Regards décentrés sur l’autoritarisme : acteurs, relations et espaces

Taking a decentered look at authoritarianism: actors, relationships and space

 

Responsables scientifiques :

Marie-Eve Desrosiers (École de développement international, Université d’Ottawa) mdesros3@uottawa.ca
Anne-Laure Mahé (Institut de Recherche Stratégique de l’École militaire – IRSEM) anne-laure.mahe@irsem.fr

Plus de la moitié de la population mondiale vit dans des régimes non-démocratiques (Freedom House 2018), un chiffre qui serait en augmentation étant donné les processus de recul démocratiques observés sur tous les continents (Bermeo 2016).
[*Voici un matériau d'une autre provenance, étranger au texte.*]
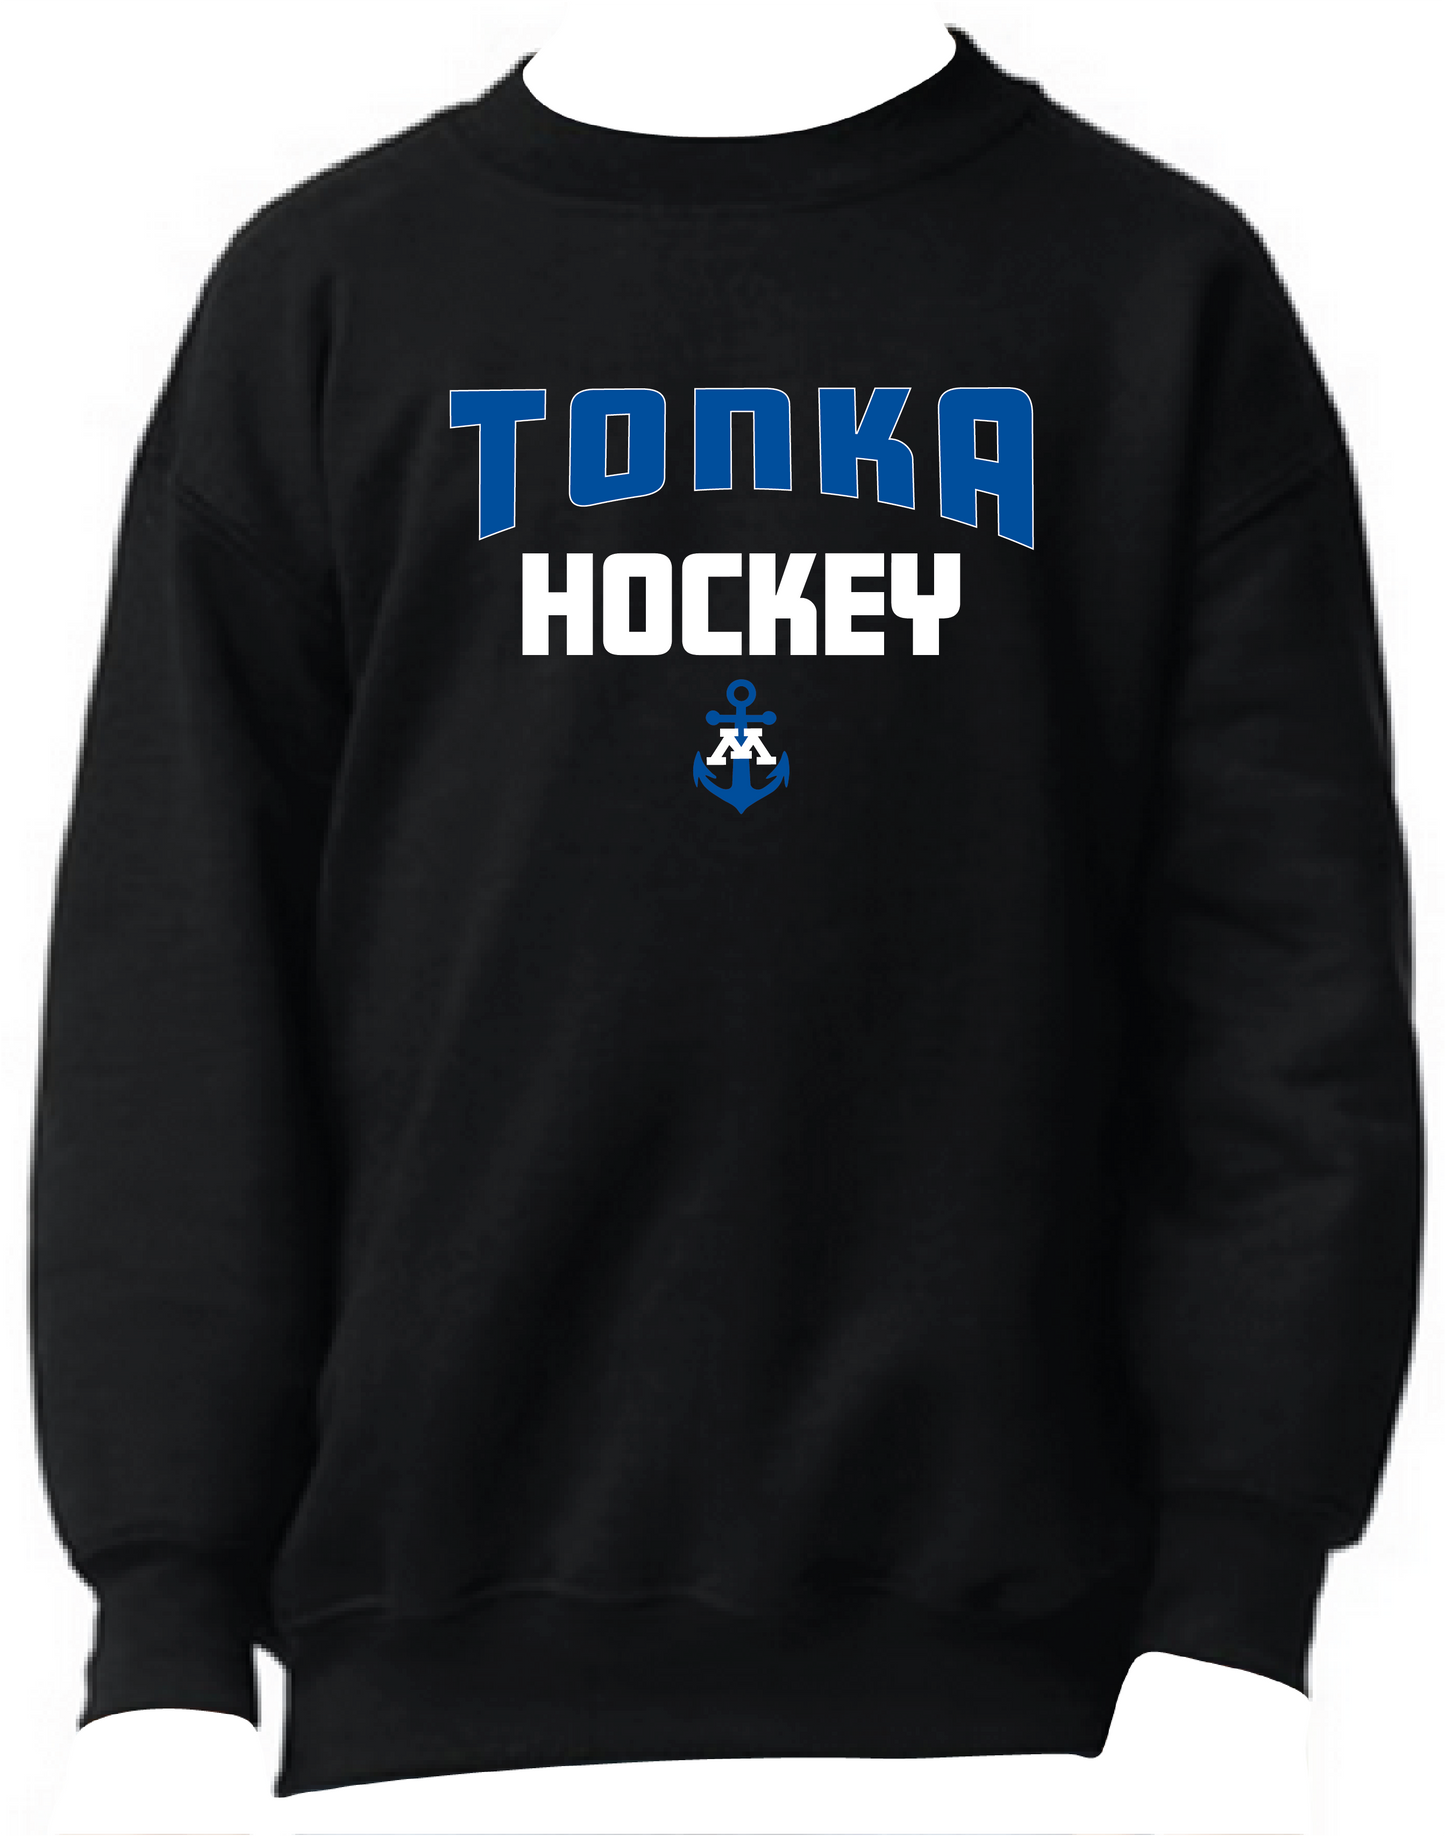 Tonka Hockey Small Anchor Black

La majeure partie de ces régimes est constituée de régimes dits hybrides (Diamond 2002) ou d’autoritarismes compétitifs (Levitsky and Way 2002), dont l’expansion semble aujourd’hui être l’héritage de ce qui a été appelé la troisième vague de démocratisation. La section thématique vise à développer notre compréhension du phénomène autoritaire en posant une question centrale: comment la domination de type autoritaire se reproduit-elle au quotidien et/ou au niveau local? Ce questionnement est abordé dans une perspective décentrée: le regard est posé sur des acteurs, des espaces et des relations non centraux, ou plus régulièrement délaissés par les études institutionnalistes dominantes. Il s’agit d’une exigence autant théorique qu’empirique et méthodologique, puisque cela implique pour les chercheurs d’enquêter sur des terrains et à des échelles souvent moins accessibles et plus méconnus, mais néanmoins d’importance égale.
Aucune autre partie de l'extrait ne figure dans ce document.